Lezlie was only one of four non-white kids in high school in 1970: she describes racism, being called a ‘monkey’ by the boys, and her (humorous) response, her accent, and her efforts to modulate it once in Canada. Lezlie came out, to herself, while she was at York U 1972-1976. She discusses radical student politics at York, and the expectation that all non-whites sit at the ‘black table’ in solidarity with black power. She learned about Cuba, South American indigenous issues, and Caribbean literature.
Discusses her first relationship with a woman, Sonia, a mixed race Trinidadian who attended Ryerson, and the physical passion that ensued after figuring it all out for the first time; they were together for 3 years, when they were caught kissing, and Sonia’s family shipped her back to Trinidad.
Lezlie describes her activism with LOOT, the Lesbian Organization of Toronto (LOOT), in the late 1970s.
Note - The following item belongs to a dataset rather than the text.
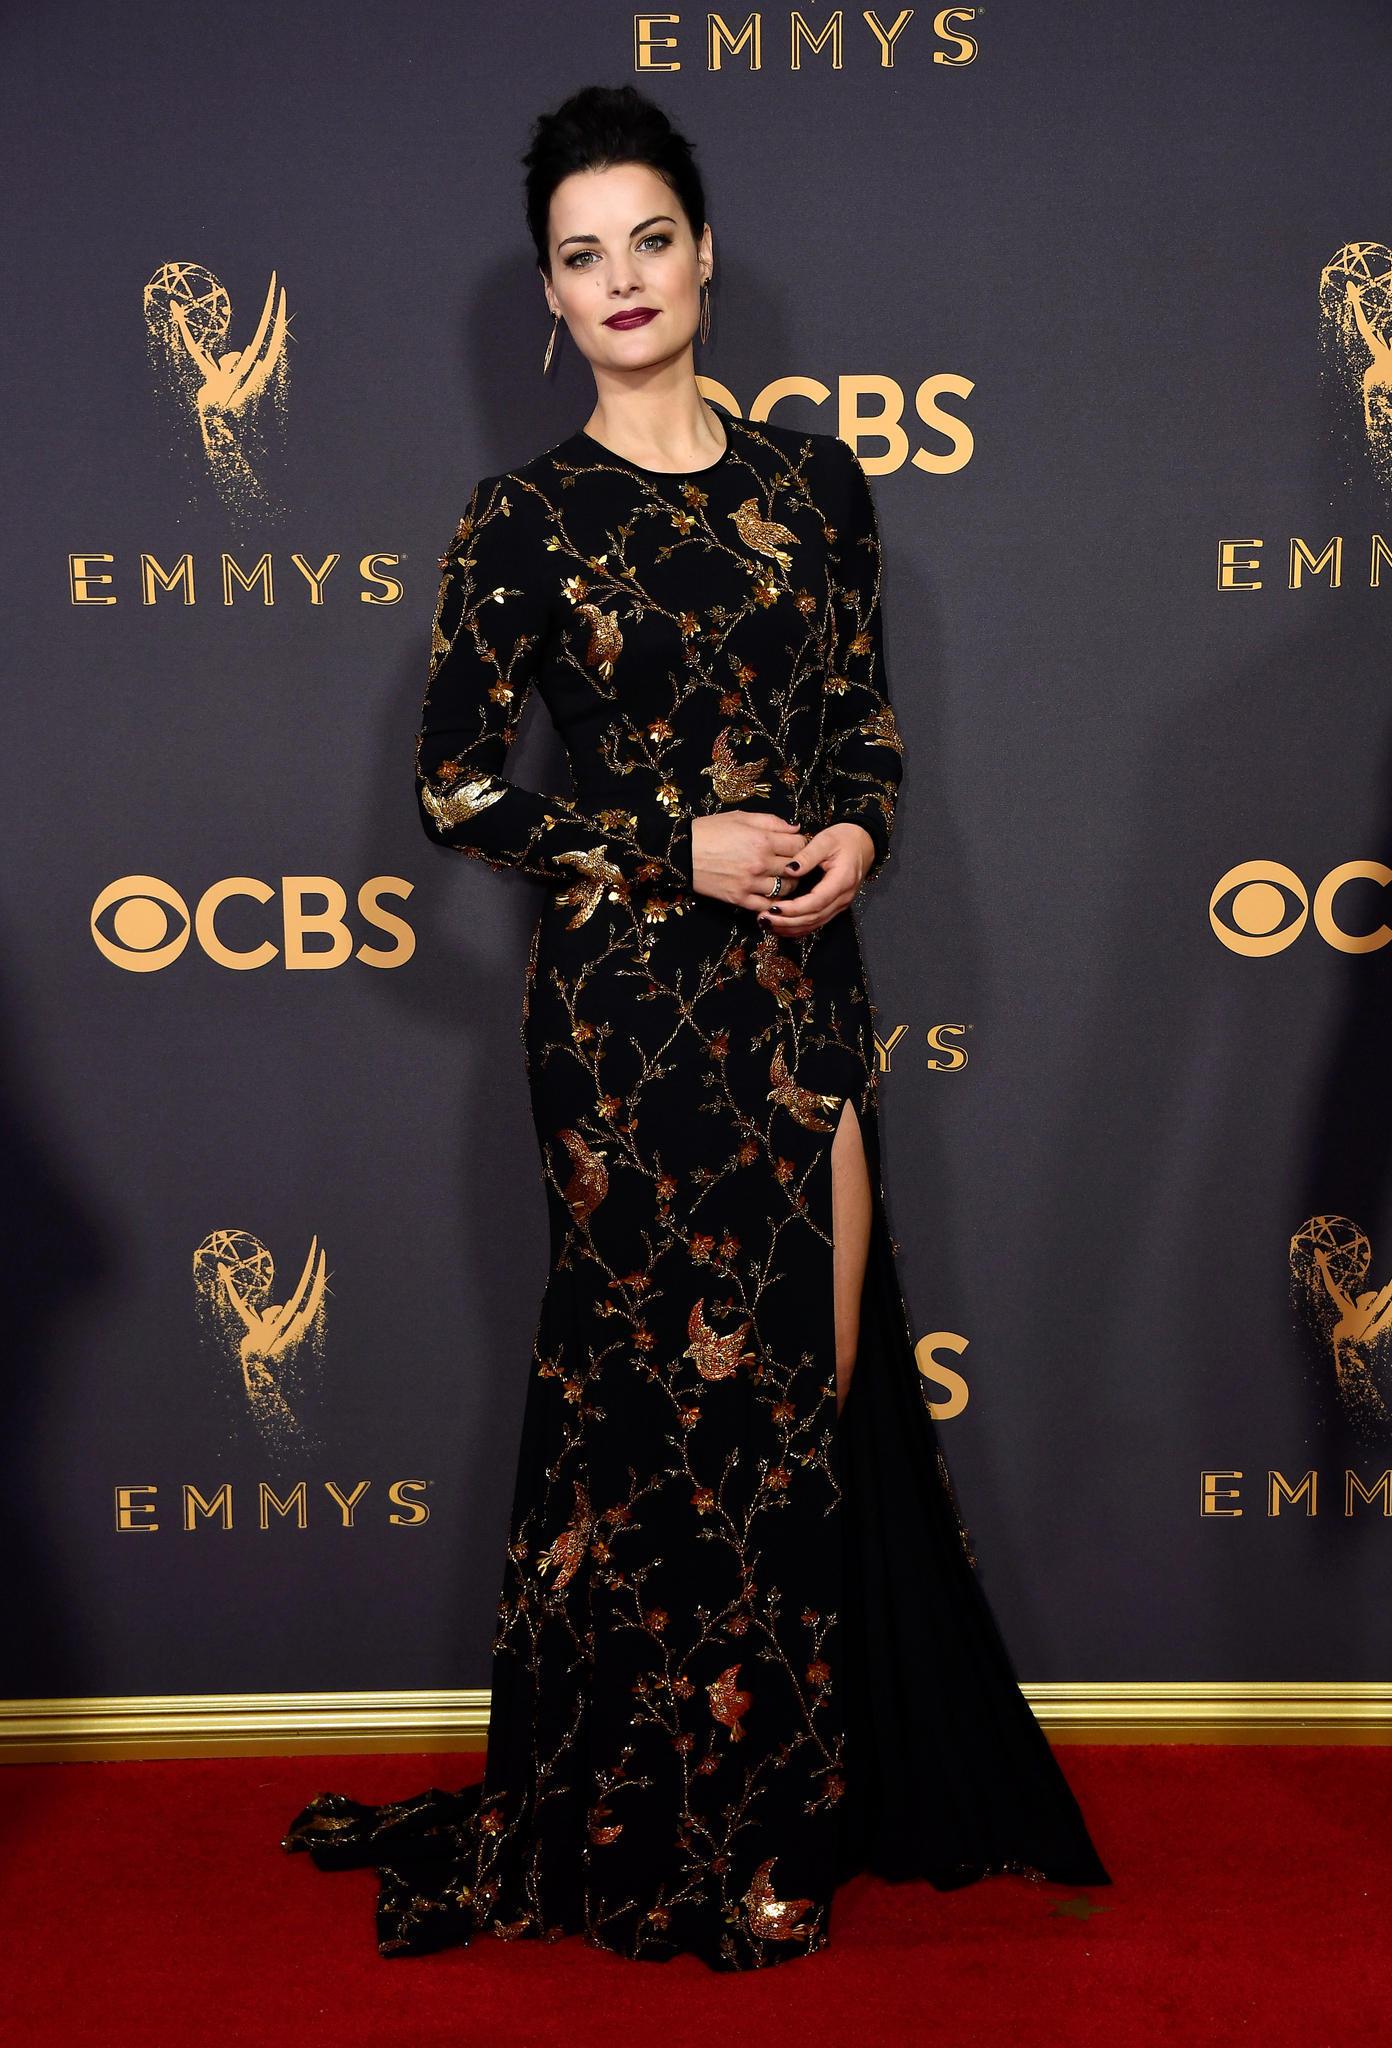 Emmys 2017 mit Jaimie Alexander
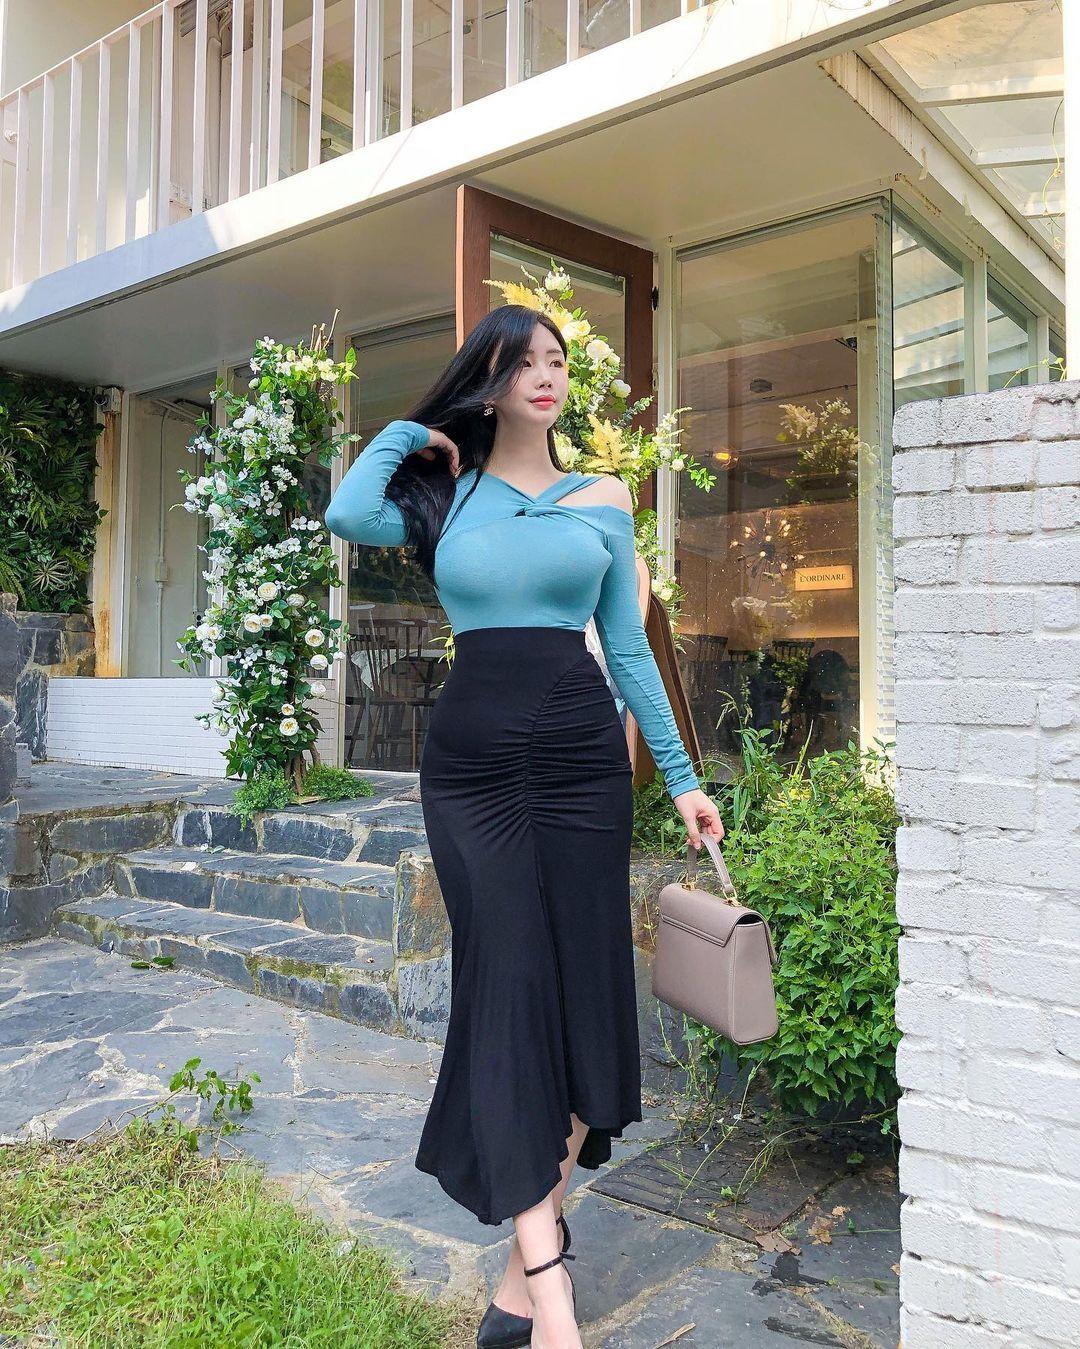 清凉穿着自己卖 [韩国泳衣阙娘Yebin]亲自试穿性感度满点 养眼图片 第4张

She worked at the coffee house, on the phones, and wanted to be a person of colour for other lesbians who looked like her. Describes her work at LOOT and encountering butch-fem roles and lesbian separatism in the contemporary scene. Race and racism was not a topic of discussion among the white LOOT activists. Discusses the transphobia she encountered at the Michigan Womyn’s Musical Festival, as well as how very few other women of color were there.
Night life, late 1970s: describes the 4 women of colour in the scene, who went to The Studio, a bar where gay men and lesbians mixed. They stood out, and became disco queens; they checked out the Camu (sp?) on Trinity, near Eastern. The Camu was a working class butch-fem bar, with tuxedos and ball gowns, the whole thing; they were the only people of colour. Discusses her own sense of gender then, and more recently. She was never butch or fem herself.
This interview continues in a second interview on June 16, 2017.